I took a bite of salad, and a sip of red.
“To answer your question, no, I didn’t attend it. After retrieving Abigail I came home and brought us up to speed with some paperwork. Later I listened to the news, and according to channel eight, school authorities decided the word service would have been a violation of the separation of church and state. I can’t tell you if the cheerleaders cheered or prayed.”
He shook his head, a gesture of disgust.
Wisdom nudged my leg, urging me not to eat all my steak. Of course I wouldn’t. I would put some of it on top of his dinner to encourage him to eat.
But Matt was back at the cheerleaders.
“Scantily clad, huh? Maybe we should attend some of the games this year.”
“It’s a long drive.” Cleveland County was east of us. We could see the plateau from our back deck.
“Could be worth it.”
Wisdom slumped to the ground with a disapproving groan. “I concur, Wisdom. He’s a rude lout.”
“So you haven’t heard any more from Gloria.”
“Not yet.
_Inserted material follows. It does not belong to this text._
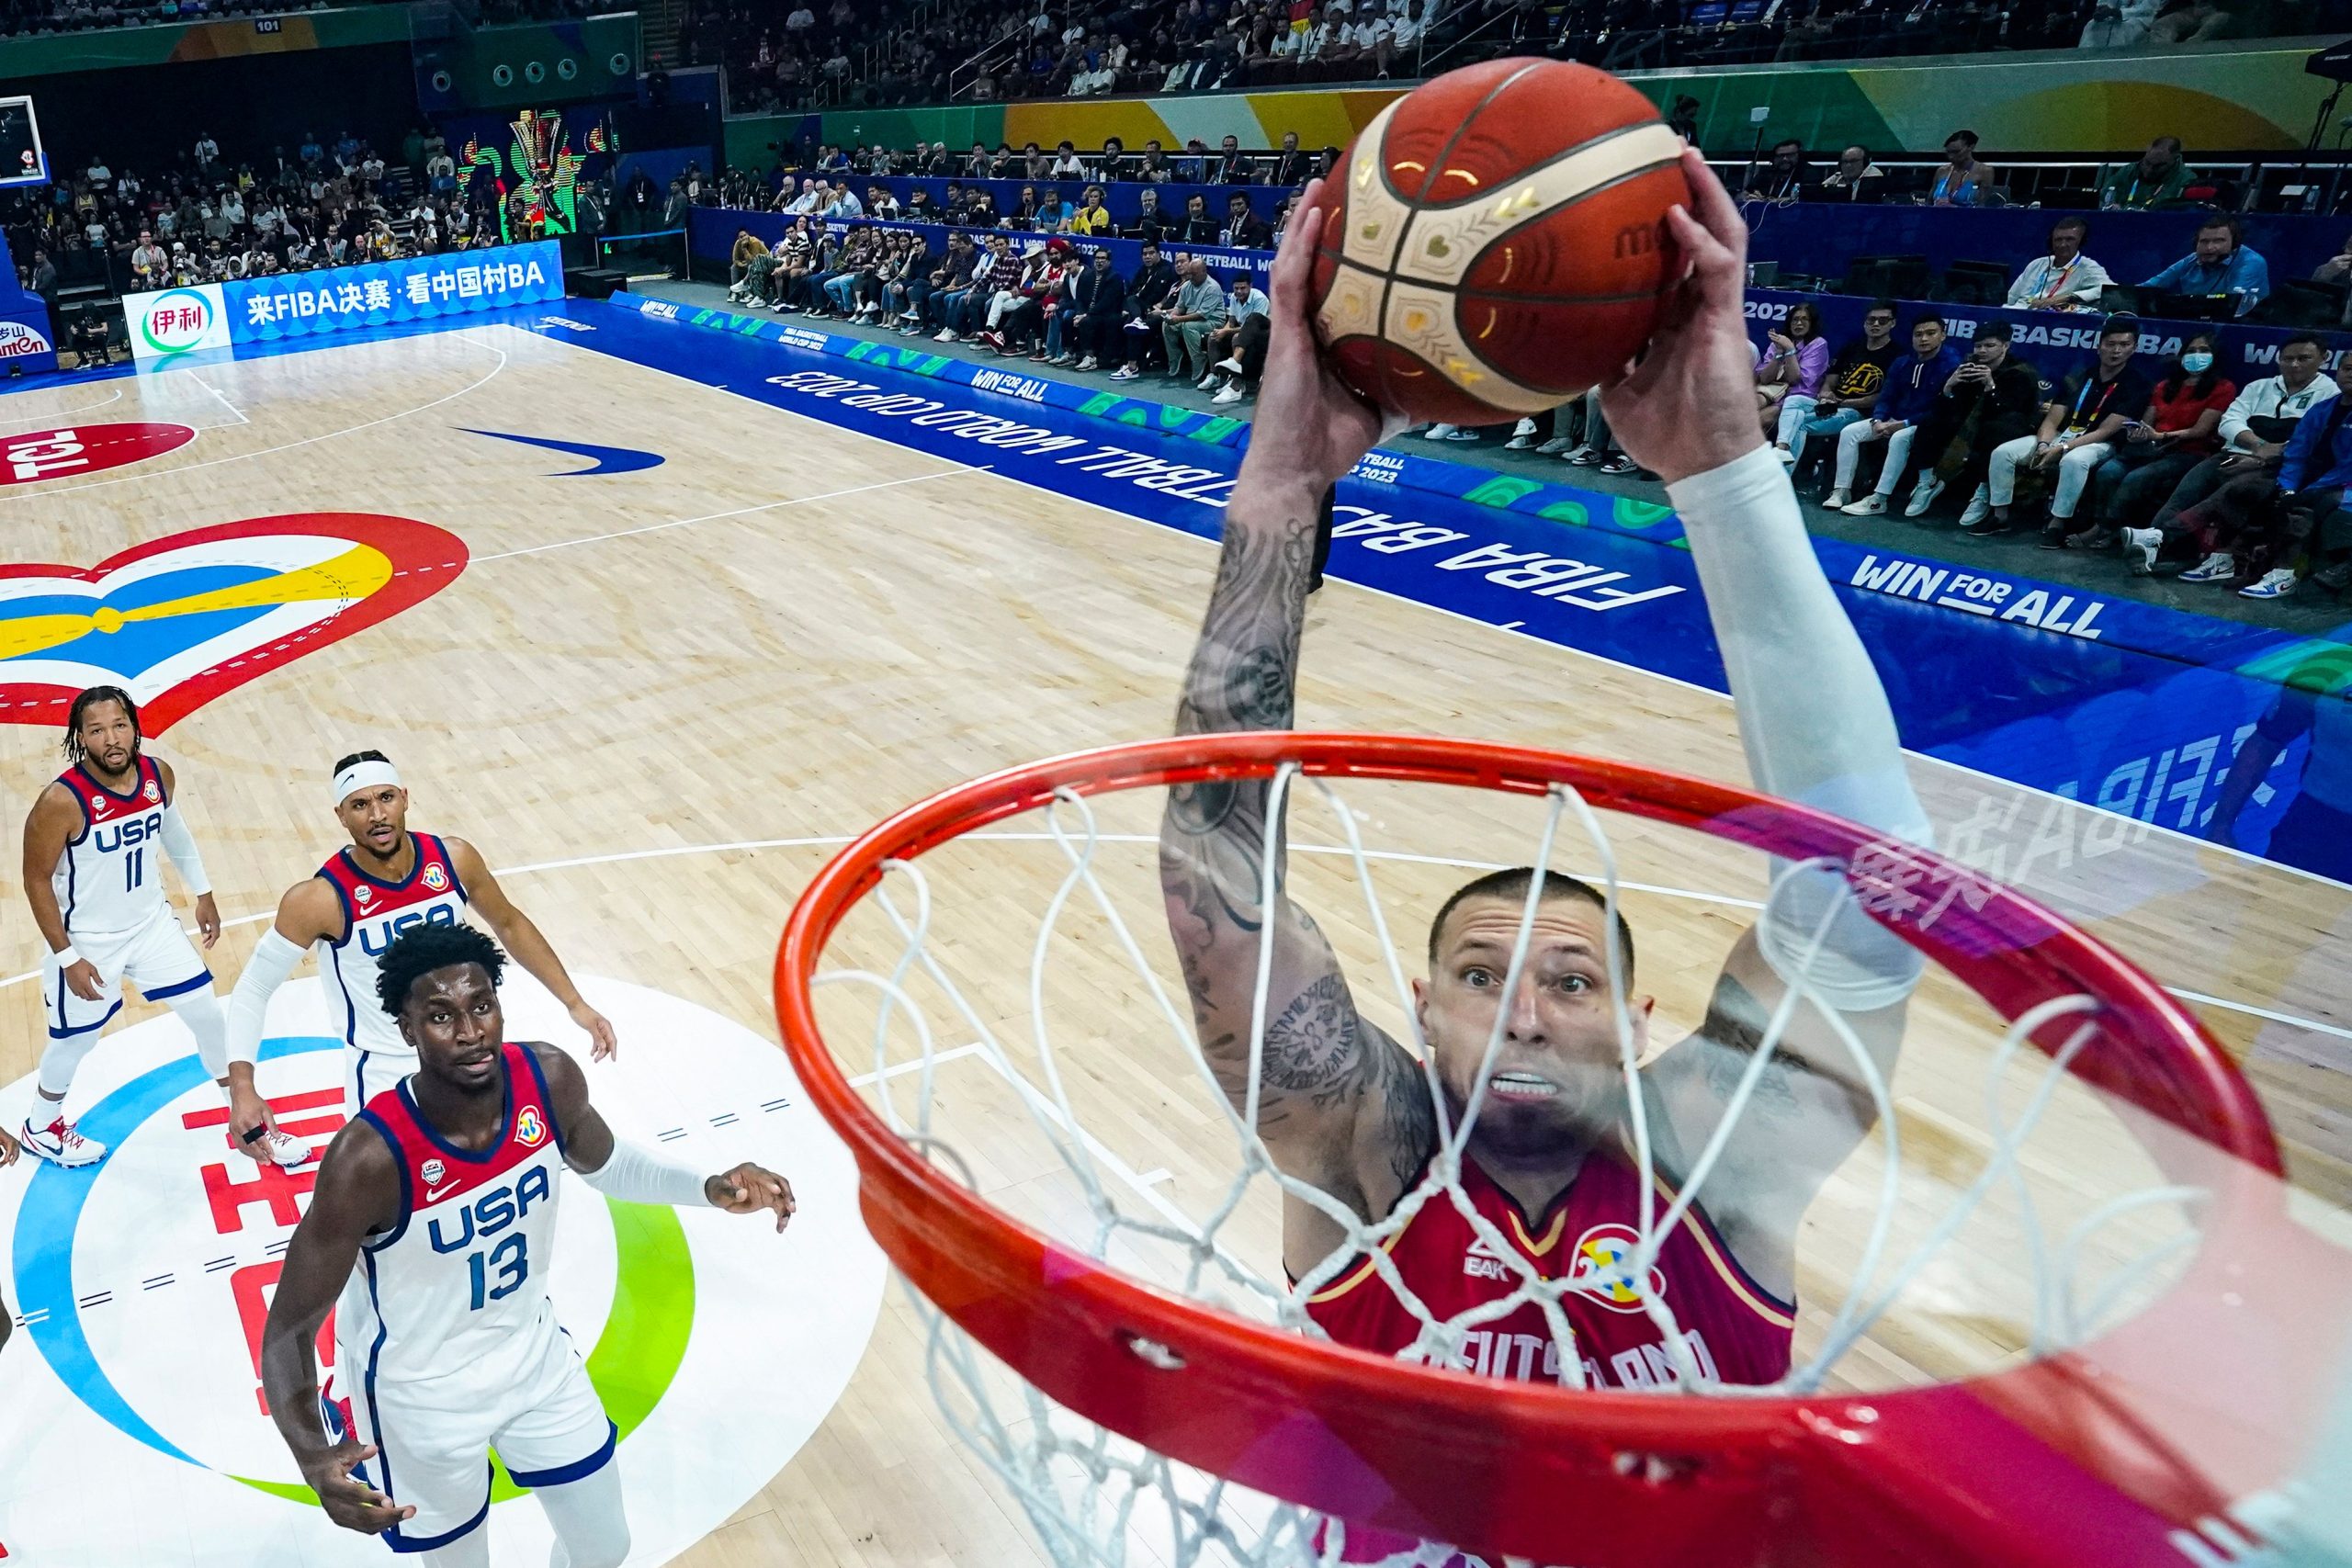 Basquete (Photo by -/POOL/AFP via Getty Images)

But I’m afraid we probably will.”
Which was when the phone rang.
Chapter 15
I swallowed a last bite of salad and reluctantly rose to stifle the mechanical scream in the kitchen. I stepped onto the kitchen porch, holding the phone to my ear.
“Rachel, she’s out of her mind…”
At least I thought that’s what she said. Gloria Pustovoytenko’s accent was as thick as Ukrainian barley pudding. I’d been hoping it was one of my three daughter-in-laws. Or maybe even a son.
“Hello, Glori
a.”
“She won’t listen to reason. She told me she going back to school again Monday. What can we do?”
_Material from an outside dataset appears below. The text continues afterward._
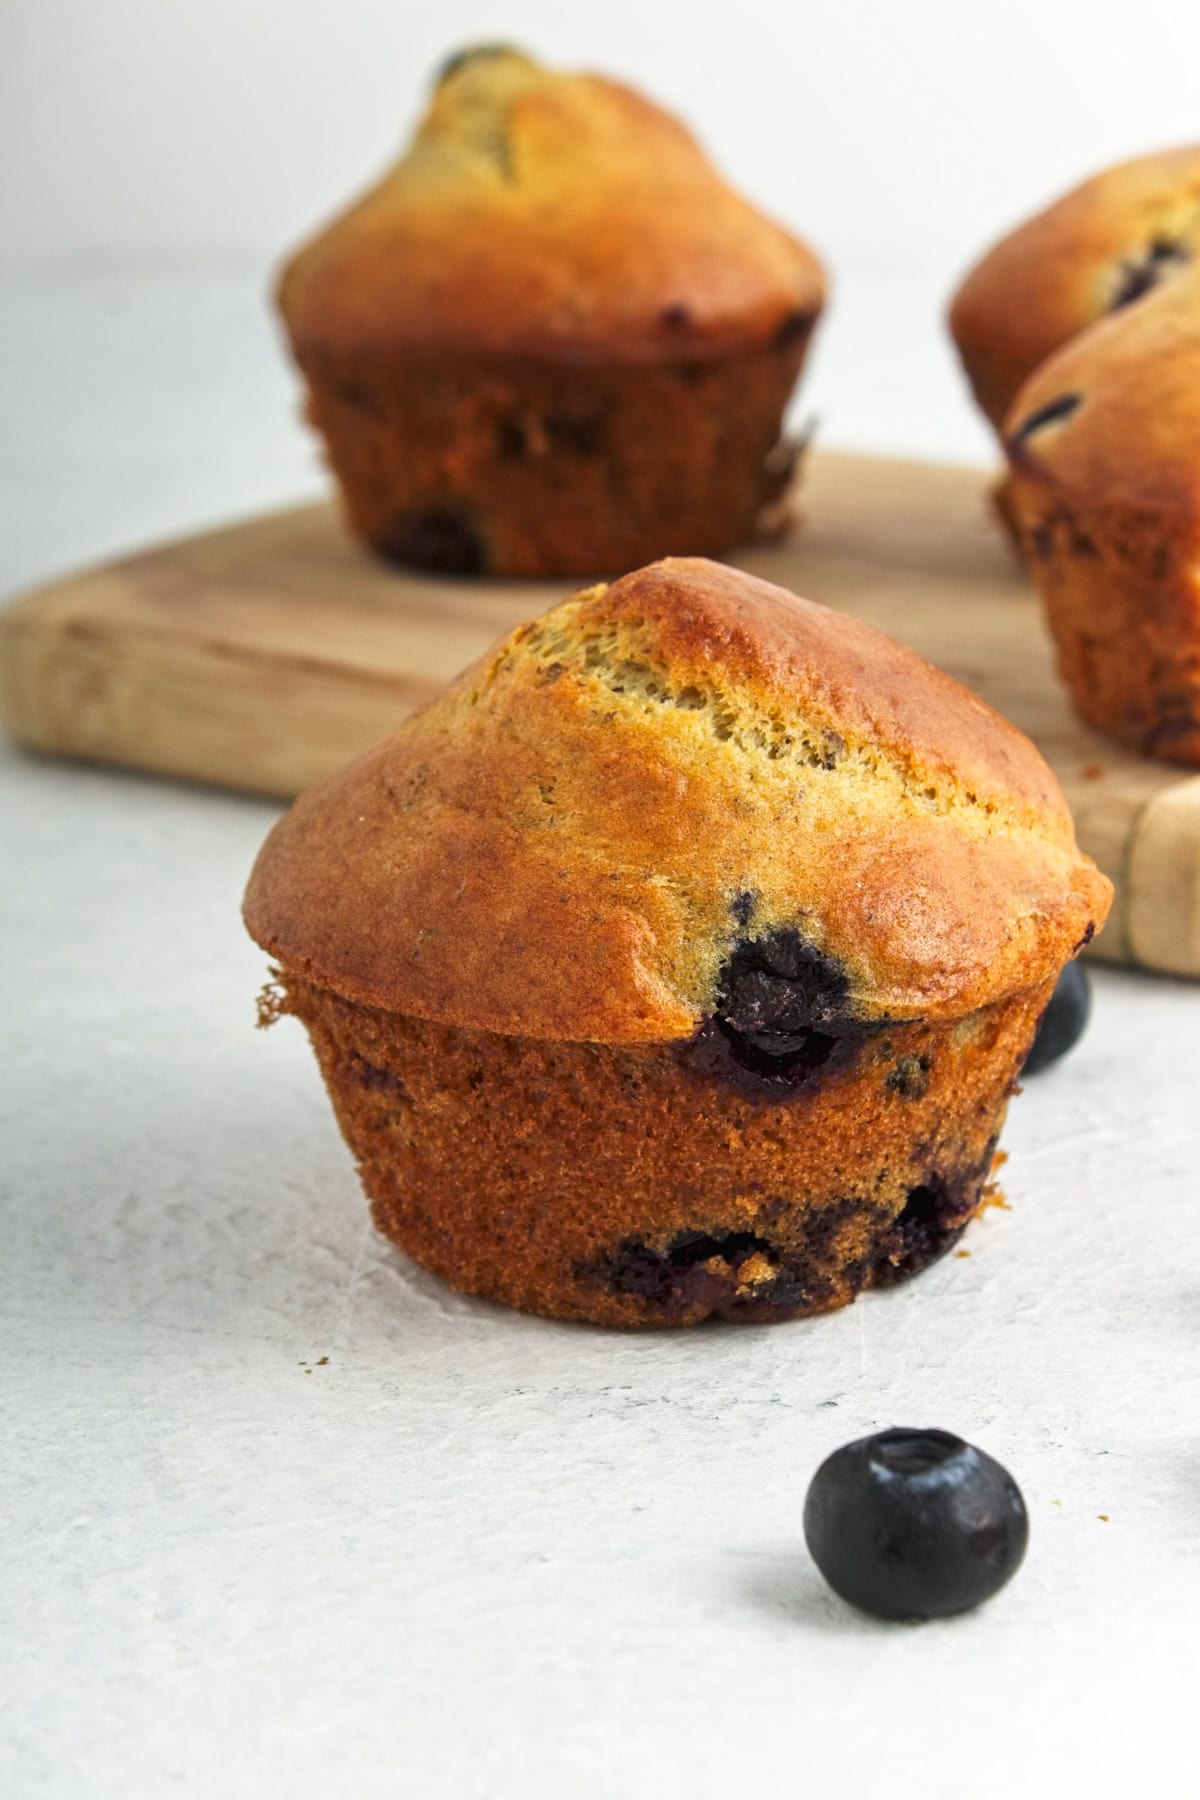 A golden brown muffin containing blueberries.

We? I turned it around. The way it really was.
“What do you think you can do, Gloria? You and Abigail.”
“I don’t know, I don’t…but…she even started talking about how I left Ukraine, ran away when I was young. She’s threatening to run away now? She’s a baby. She’s thirteen! She doesn’t know a thing about the world. Besides, I was almost legal when I found my way to America!”
So my attempt to connect mom and daughter had backfired. Wonderful.
“Did she actually talk about running away, Gloria?”
“No. But she meant that.”
Gloria continued to complain while I tried to get her to focus on why she felt so strongly about public schools.
“They’re violent! The teachers unions have ruined them. Any loser can get a teaching job and keep it forever no matter what they do wrong. The kids are exposed to drugs…sex, you name it. I remember school in Ukraine. I remember the thugs who used to roam our halls. Only they were called party members. Here, they are gang members. There’s no damn difference.
“I’m scared, Rachel, I’m afraid she’ll run off…like I did. But she won’t end up in a beautiful America, she’ll end up in a….”
“She won’t. She won’t leave her art, Gloria. Children who hit the streets are running away from a dangerous situation. Your family is loving….”
I was hoping to calm her using gentle words.
“Yes. But Abigail is even more headstrong than I was.”
Probably not.
“Isn’t it mostly talk, now?” I suggested.
“She wasn’t here again today when I got home. I called Jeannette, the mom she was supposed to be with, and she told me Abigail never made it to her house. What happened? All my mother will say is she was meeting you for the grief…what do they call it? A…grief rally? What is that?”